Ulrich Hege (Hautes Études Commerciales, Jouy-en-Josas) emphasized the importance of the link between imperfect banking competition and banking regulation. In the model, the problematic instrument of an interest rate ceiling could be substituted if the social costs of bank failure are internalized in the bankruptcy procedure. Regulatory forbearance should also be incorporated explicitly. Bruno Biais (Université de Toulouse) noted that one implication of the paper is that if the bank's asset risk is not observable, regulation of the risk is needed, either directly or through deposit insurance premia increasing with risks. He suggested two other solutions: first, for commercial banks, deposit financed, risk taking can be awarded by rewarding bank managers on their ability to repay deposits, rather than on their ability to generate high profits; second, for investment banks, seeking to maximize profits, equity financing may be more appropriate than deposits.
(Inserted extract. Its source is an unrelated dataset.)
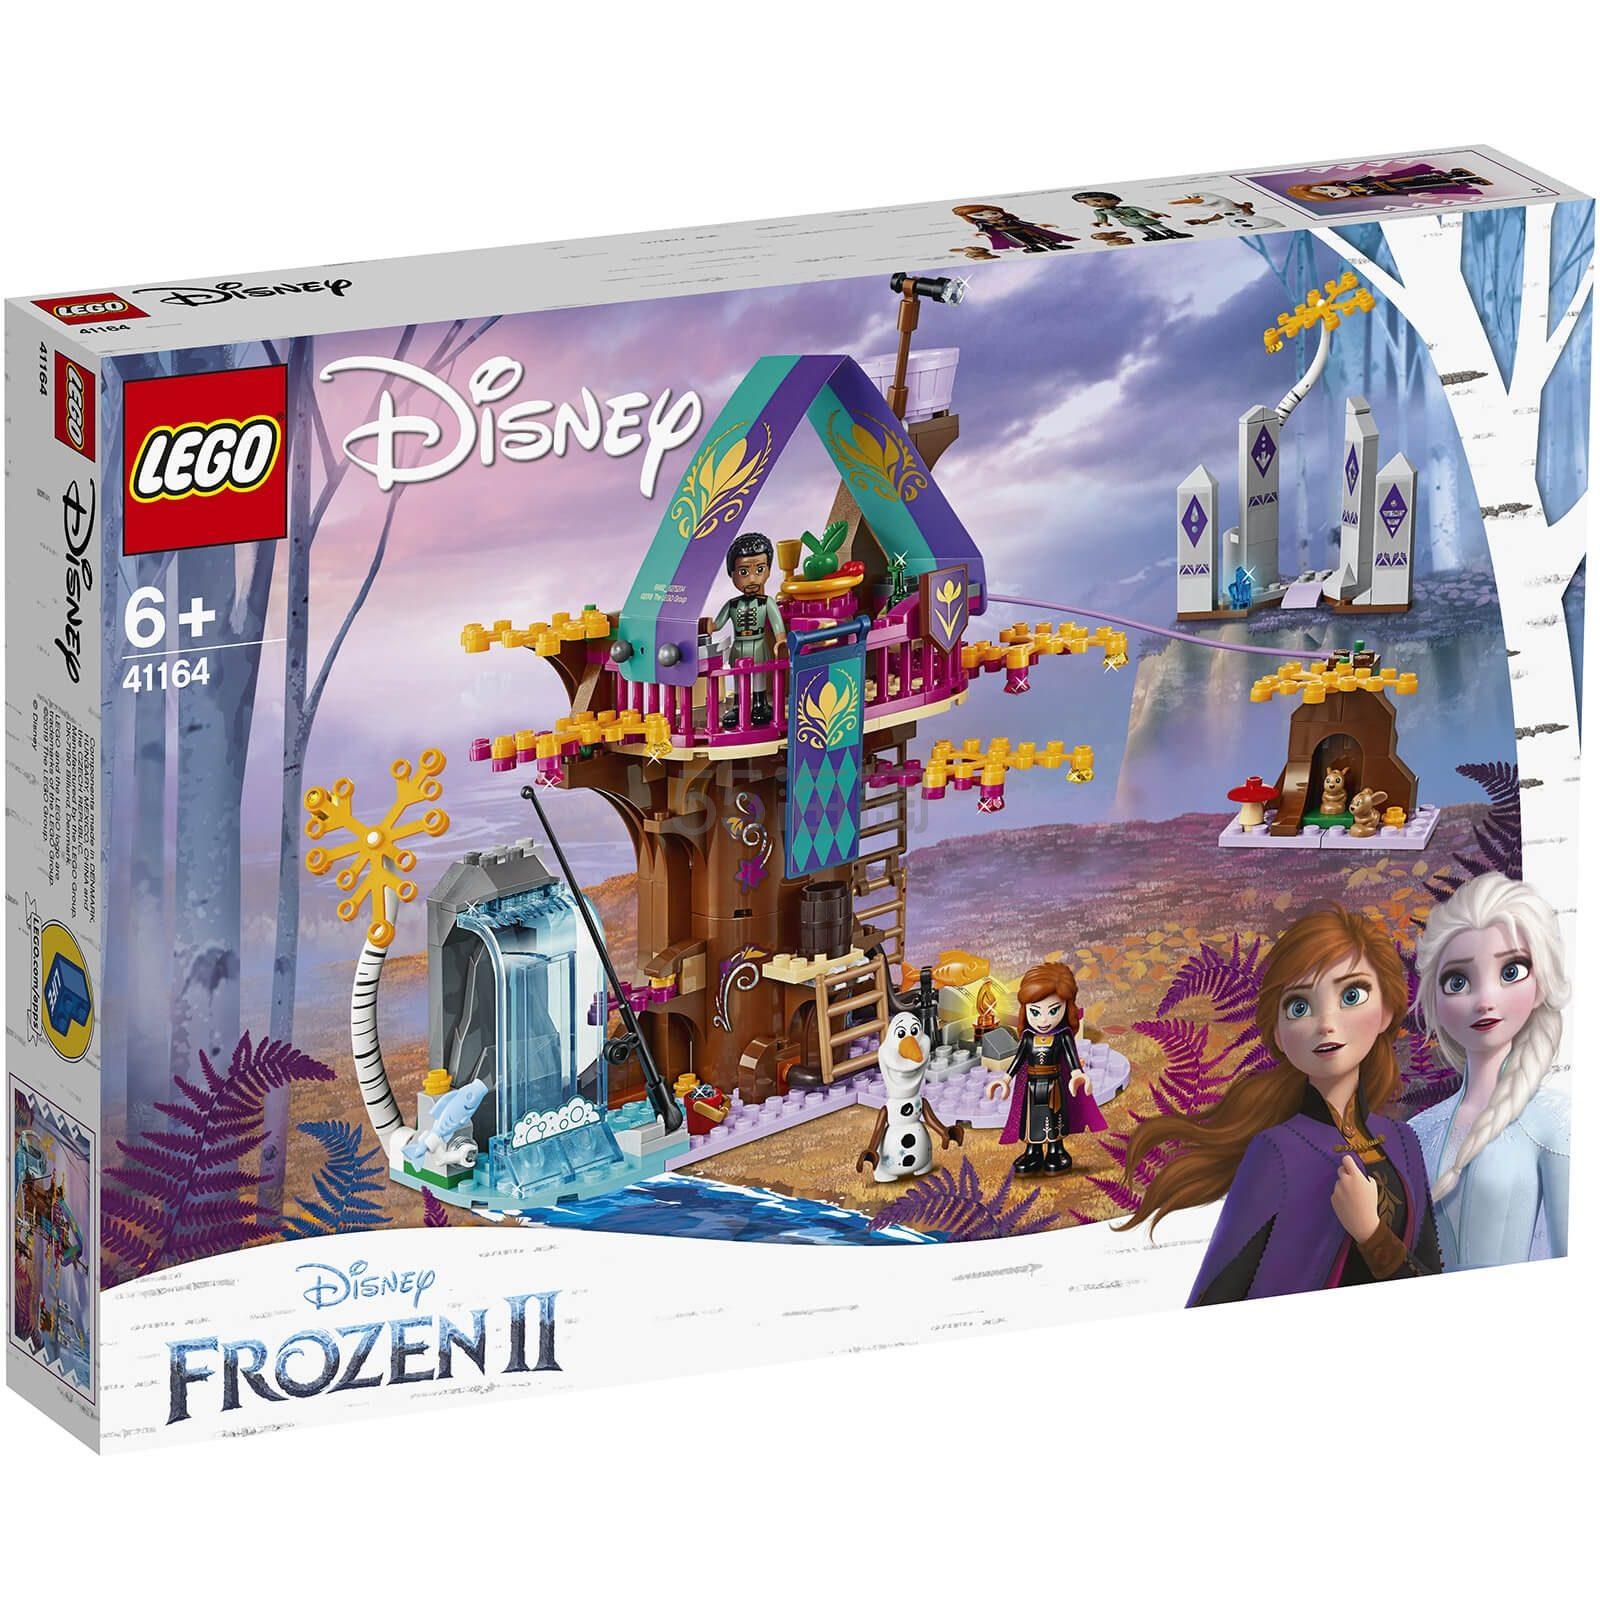 LEGO 乐高 迪士尼公主 魔法树屋 (41164)

Xavier Freixas (Universitat Pompeu Fabra) and Jean-Charles Rochet (Université de Toulouse and CEPR) presented `Fair Pricing of Deposit Insurance: Is it Possible?' answering in the affirmative but that it is not desirable. Elaborating on the work of Chan, Greenbaum and Thakor which contends that fairly priced deposit insurance is incompatible with free competition in the banking sector, in the presence of adverse selection, the paper show that as soon as one introduces a real economic motivation for private banks to manage the public's deposits, then fairly priced deposit insurance is never desirable, precisely because of adverse selection. The characteristics of the optimal premium schedule is computed, which indicates the trade-off between the costs of adverse selection and of `unfair competition'.

Arnoud Boot (University of Amsterdam and CEPR) observed that the paper gets around the incompatibility of both incentive incompatibility and fair pricing of deposit insurance by introducing rents in the production of deposit-linked banking services. He noted that the paper shows the need for cross-subsidies, and asked whether these are sustainable and whether better, but taxed, high quality banks still have the same incentives. The paper seeks to extract policy implications but, he asked, would this not require a setting in which a rationale for deposit insurance and capital, and distortions are jointly present.

Sudipto Bhattacharya and Jorge Padilla (CEMFI and CEPR) presented `Dynamic Banking: A Reconsideration'. The paper compares the welfare implications of financially intermediated and stock market consumption-investment allocation, with (and without) government interventions, in overlapping generations economies with (and without) shocks to agents' intertemporal preferences. It is shown that government interventions, such as tax-subsidy schemes or the provision of real money balances, lead to stock market allocations that are no inferior to those achieved under financial intermediation. Furthermore, the necessary interventions are qualitatively no different from those required to implement stationary optimal allocations in overlapping generations models without uncertainty about agents' consumption preferences. Thus, the provision of liquidity is tangential to stock market efficiency.

Fabrizio Zilibotti (Universitat Pompeu Fabra) admired the paper's elegant discussion of efficiency issues arising in overlapping generation models with an `illiquid technology'. On the one hand, it holds true that the overlapping generations issue which drives the inefficiency is solved by an economy with intermediaries, whereas government intervention is required in a stock market economy. But on the other hand, when stochastic life duration plus asymmetric information are introduced, financial intermediation is shown to be no longer superior to a stock market solution. Government intervention is necessary to restore efficiency in both cases. There are some technical issues concerning the characterization of the optimal stationary allocation: when a linear technology is used and intergenerational transfers are permitted it is possible to make all agents better off than in any stationary allocation by inducing a path of sustained growth.